Dave was the oldest and larger of the two, so he was making claim, but Harvey was mean as a bull and damn near as strong, so it was by no means settled.

“I don’t reckon that at all, Dave. Seems like I was the one who saw her, and it was my idea to fetch her up. And I’m also the one who clubbed the old woman, so I dispute your claim.”

I would remember that remark, when it came time to pay up.

I was on my hands and knees, and I crept around so I was directly opposite of Maggie May. I felt around for a small stick, and when Harvey bent over to add fuel to the fire, I heaved that stick high over the fire and some distance behind Maggie Mae, where it rattled against some brush. Instantly, both brothers were on their feet, guns drawn and facing away from me. I rose up from behind the brush and Maggie May saw me, her eyes growing wide. I nodded at her, and got back down out of sight.
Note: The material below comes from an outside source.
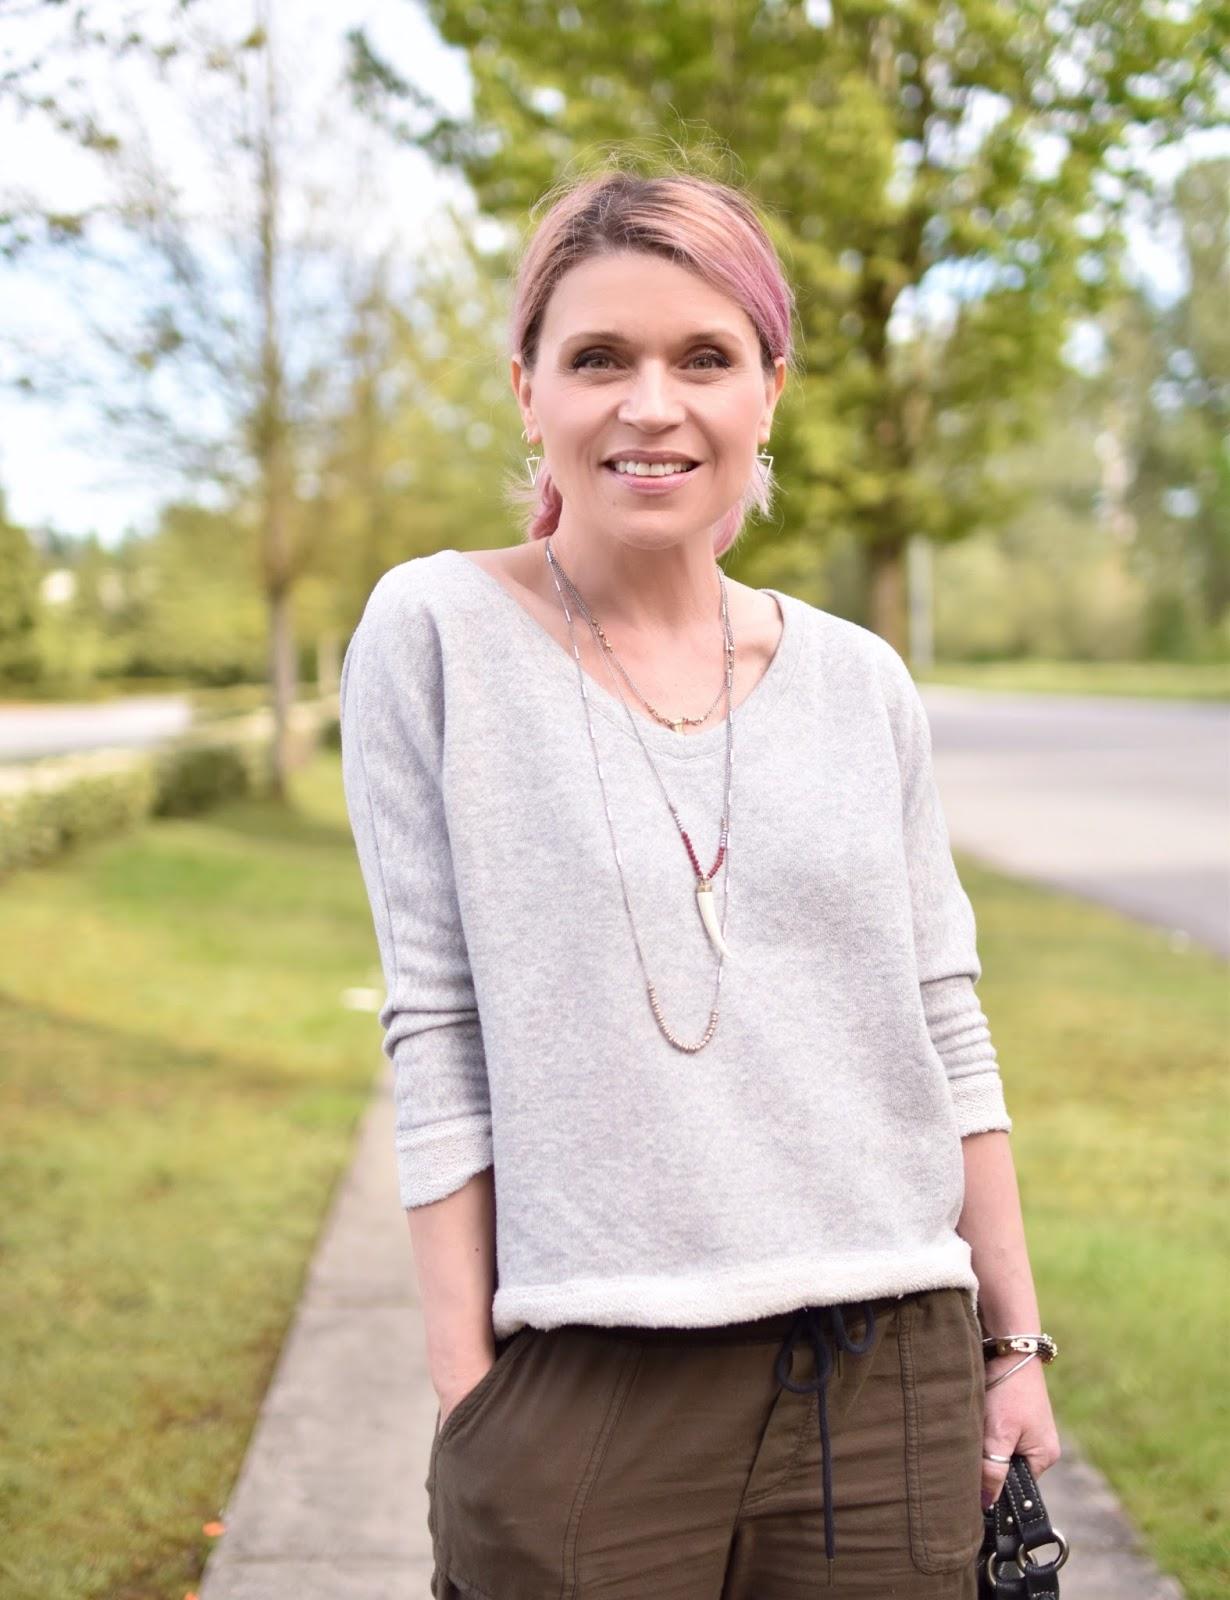 Monika Faulkner outfit inspiration - slouchy cargo pants, v-neck sweatshirt

After a moment, Harvey and Dave concluded that it was only an animal or maybe a falling branch. Dave reached behind him and brought out a bottle of whiskey. He took a long pull and handed it to his brother. Maggie May looked deep in thought.

“I need to go to relieve myself.”

Dave and Harvey exchanged glances.

“You just went hardly two hours ago.”

“I’m a woman. Women have to go more often than men do.”

“Well, go on over there behind that oak then, but don’t try running off. I got a whip on my saddle, and I’ll use it on you if need be.”

That was Harvey talking. Like I said, he was the meaner of the two, and the one to watch. I watched Maggie until she disappeared behind that big oak and then I tossed another stick. Again, both brothers jumped to their feet facing the sound and Dave backed up almost into my arms. It was two against one, and my sister was in danger, so I said the hell with it and shot Dave in the back of the head.

Harvey whirled around and fired at the same instant. I felt something tug at my sleeve and I shot Harvey in the gut. Then I shot him again and he sat down hard. I kicked the gun out of his hand and then I kicked him in the face. Out of the corner of my eye, I saw Maggie May walking slowly to the fire.

Dave was dead as last year’s political promise, and I gathered up his gun, all the while keeping an eye on Harvey.

“That was some smart making up an excuse to take cover behind that tree."

I paused. "They hurt you Maggie May? I’ll ask you straight out, did they touch you in a bad way?”

“No, Matt, they roughed me around some, but they never touched me like that. How’s Ma? Did they kill her? They clubbed her something fierce.” She was looking at Harvey.

“No, she’s not dead. She’s banged up some but she’ll be OK. She sent me to fetch you."

Before I could say anything else, she walked over toward Harvey and bent down to pick up his gun. She eared back the hammer and placed it against his temple. His eyes went wide and she pulled the trigger.

Maggie May turned to face me, letting the gun slip from her fingers to the ground.

“He hit my mother. I owed him. Let’s go home Matt.”